I felt that there was now a part of my self, of my history, even of my own heart, that I could not reach. In those moments, as I sat in the back office with these new feelings, I realized what it can mean and what it can feel like to be a victim of ethnic cleansing.

Yet the average person, in the popular mind, in the popular understanding, has no real grasp of what ethnic cleansing 'Greek style' really is. Since 1913, the Greek government has done everything it could to depopulate the Macedonians and repopulate the region with Greeks. But forcing or encouraging the local population to emigrate is only the first stage of ethnic cleansing. The next stage is to stop them from returning. And, if necessary, the third stage is to stop their children from returning. Unfortunately the English language does not have a word for this 'later stage ethnic cleansing', this 'long term ethnic cleansing', this 'multi-generational ethnic cleansing', but I have seen it and felt it and it is this that has denied me access to my parents' village, my parents' ancestral homes, and my roots as a human being.

In my life this Greek government policy is one of the closest things I have encountered to evil.

No person or country has a right to deny a human being these things. Faced with such a reality, I have responded by increasing my commitment to fight this inhumane policy until it is changed. On returning to Australia in late 1996 I immediately launched my newest human rights book, the first English language translation of the Macedonian novel Black Seed, which is set on one of the island prison camps of the 1940s where the Greek fascist government tortured Macedonians, communists and other undesirables.

In early 1997 I set up the first web site for my publishing business which immediately gave the books and the message a global reach. The web site continues to grow.

Since Black Seed I have published another nine human rights books, bringing the total to thirteen. Among them is A Girl From Neret, which I believe could be the first book published about our village. It was authored by a Perth mother-daughter team. The mother is a Macedonian child refugee from our village who was a contemporary of my parents.

As I was born in Australia I did not want to return permanently to Greece. My simple desire was to visit my parents' village for a few days. If I cannot have that, if I cannot do such a simple, normal everyday human thing, then I am more determined than ever to fight this cause until the Greek Government stops practising these brutal and dehumanizing policies, recognizes its ethnic minorities and respects their rights as people.

To achieve this outcome it is important that those countries that signed human rights treaties with Greece ensure that Greece fulfils its obligations, and that so called "friends" of Greece such as the governments of Europe, USA, Canada and Australia exert pressure on the Greek Government to change its policies. Until now these countries have been part of the problem.

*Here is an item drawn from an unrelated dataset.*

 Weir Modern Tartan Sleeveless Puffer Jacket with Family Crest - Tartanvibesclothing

With friends like these, Greece, in its 180-odd years since independence, has become a human rights basket case - a country practising a form of social totalitarianism where the dominant force is not a dictator but the dual ideologies of an ultra-nationalistic Hellenism and an ultra-nationalistic form of Greek Orthodoxy. This must change.

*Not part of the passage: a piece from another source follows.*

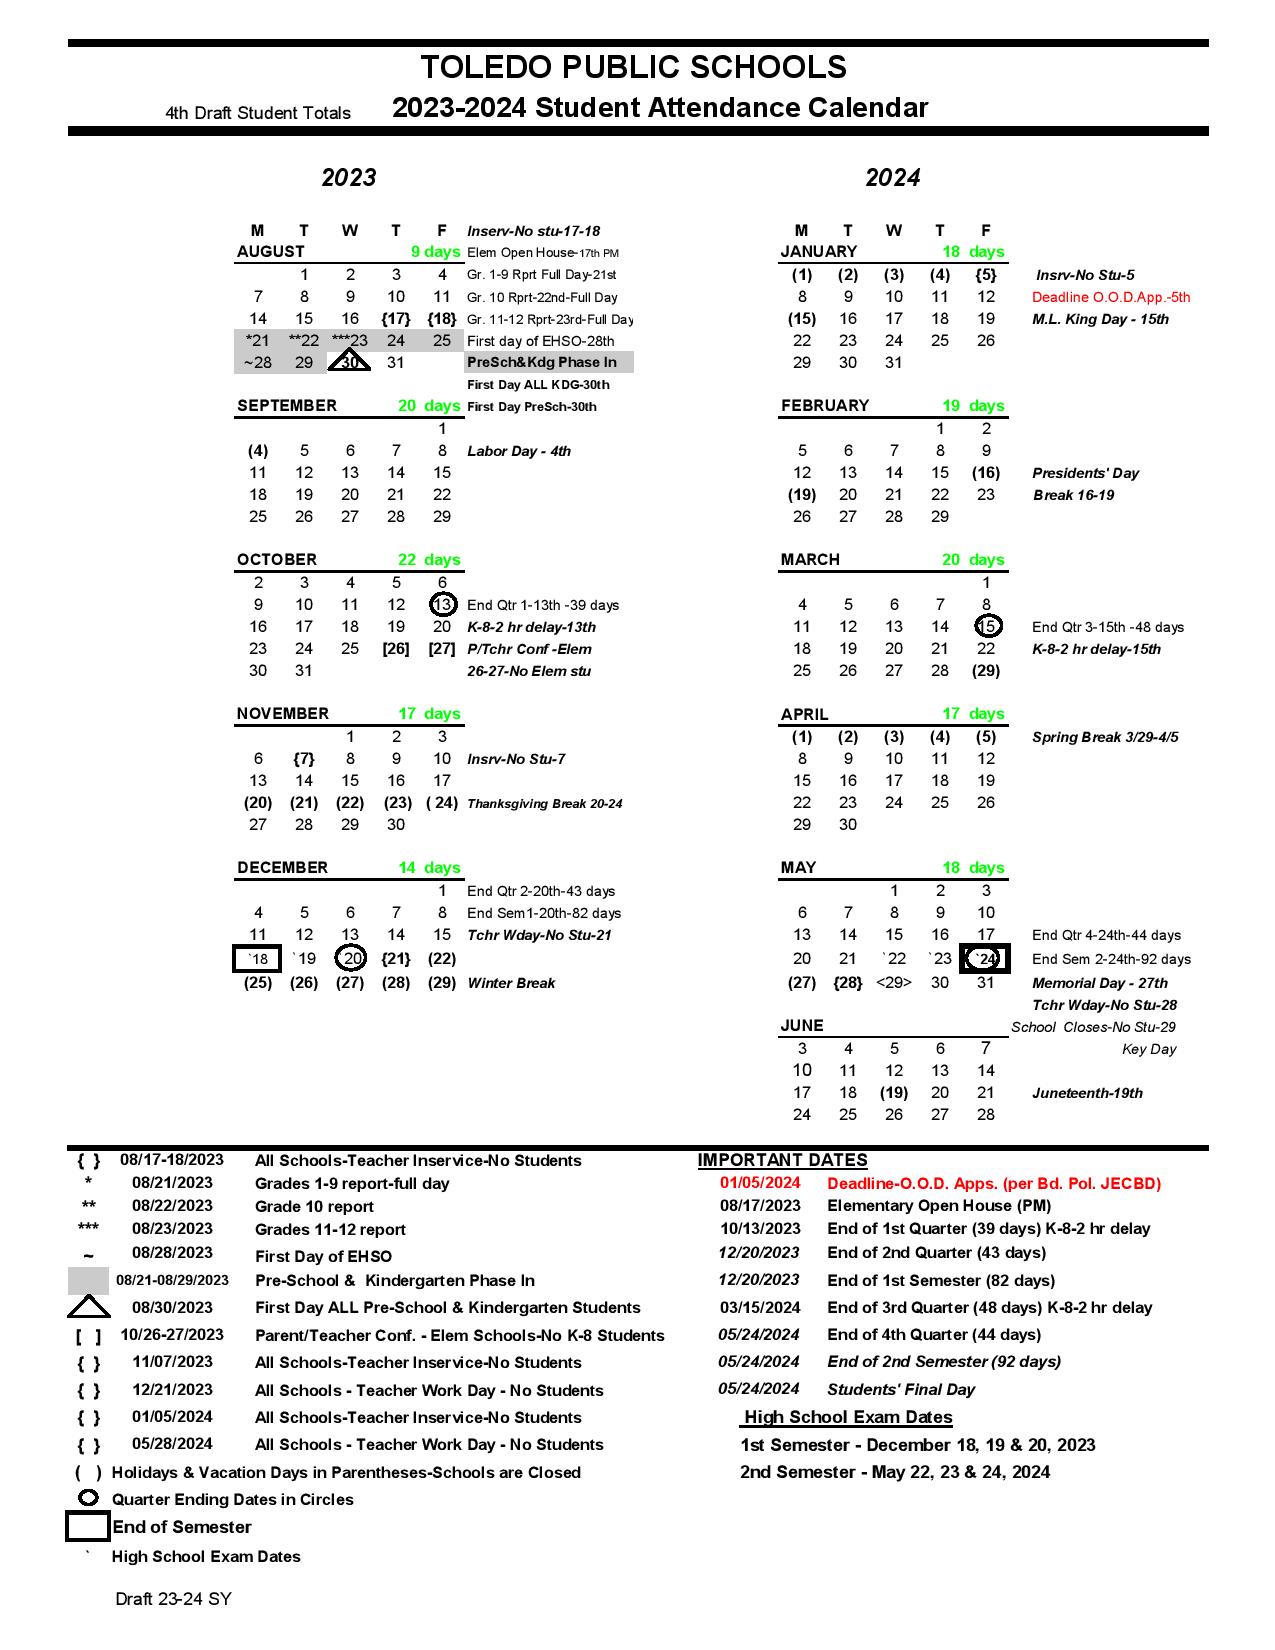 Toledo Public Schools Calendar 2023 2024 in PDF

Greece needs true friends, not accomplices. Ironically, and although it does not know it yet, Greece's most worthwhile friend may yet prove to be Macedonia, because when the Macedonians finish with Greece, Greece will have been transformed - kicking and screaming all the way - from a morally and intellectually backward nineteenth century nationalist state into a modern, open and multicultural society that respects all of its ethnic and religious minorities.

Victor Bivell was born in Australia of Macedonian background. He is a journalist and editor and the publisher of 13 books on the human rights situation of Macedonians in northern Greece.